Splay trees on trees

TL;DR

This paper extends the concept of Splay trees to tree-structured domains, providing approximation algorithms for optimal search trees and establishing a generalized Splay tree with static optimality in this broader setting.

Contribution

It introduces a method to approximate optimal search trees on trees and generalizes Splay trees to this setting, demonstrating their static optimality.

Findings

A $(1 + 1/t)$-approximation algorithm for optimal STTs with polynomial time complexity.

A broad family of STTs with linear rotation-distance is identified.

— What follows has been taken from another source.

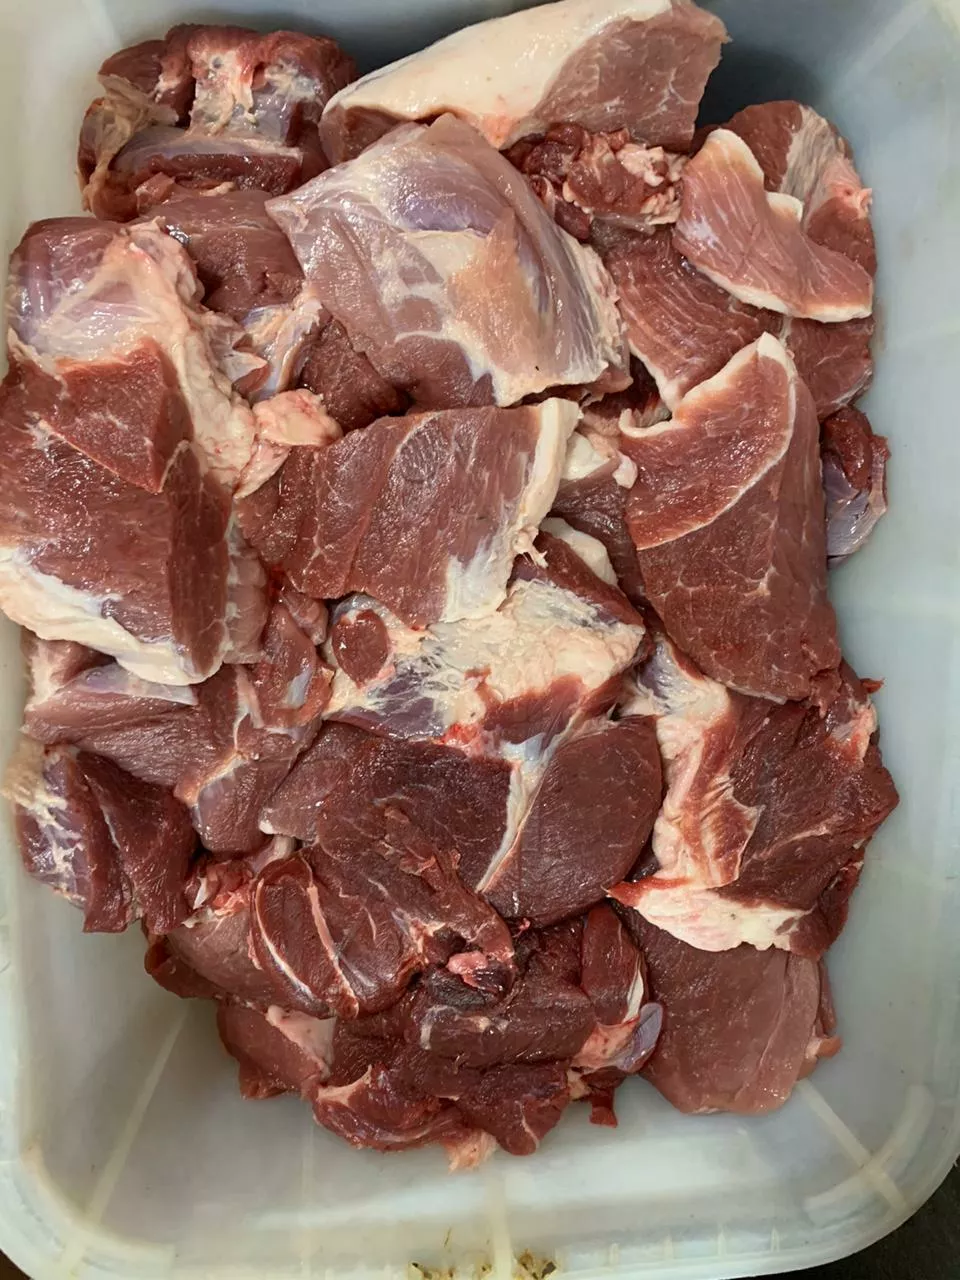 тримминг свиной 80/20 ( котлетное мясо ) в Курске и Курской области

Generalized Splay trees satisfy a static optimality theorem, matching optimal STT costs asymptotically.

Abstract

Search trees on trees (STTs) are a far-reaching generalization of binary search trees (BSTs), allowing the efficient exploration of tree-structured domains. (BSTs are the special case in which the underlying domain is a path.) Trees on trees have been extensively studied under various guises in computer science and discrete mathematics. Recently Bose, Cardinal, Iacono, Koumoutsos, and Langerman (SODA 2020) considered adaptive STTs and observed that, apart from notable exceptions, the machinery developed for BSTs in the past decades does not readily transfer to STTs. In particular, they asked whether the optimal STT can be efficiently computed or approximated (by analogy to Knuth's algorithm for optimal BSTs), and whether natural self-adjusting BSTs such as Splay trees (Sleator, Tarjan, 1983) can be extended to this more general setting. We answer both questions affirmatively. First, we show that a $(1 + \frac{1}{t})$-approximation of an optimal size-$n$ STT for a given search distribution can be computed in time $O(n^{2t + 1})$ for all integers $t \geq 1$. Second, we identify a broad family of STTs with linear rotation-distance, allowing the generalization of Splay trees to the STT setting. We show that our generalized Splay satisfies a static optimality theorem, asymptotically matching the cost of the optimal STT in an online fashion, i.e. without knowledge of the search distribution. Our results suggest an extension of the dynamic optimality conjecture for Splay trees to the broader setting of trees on trees.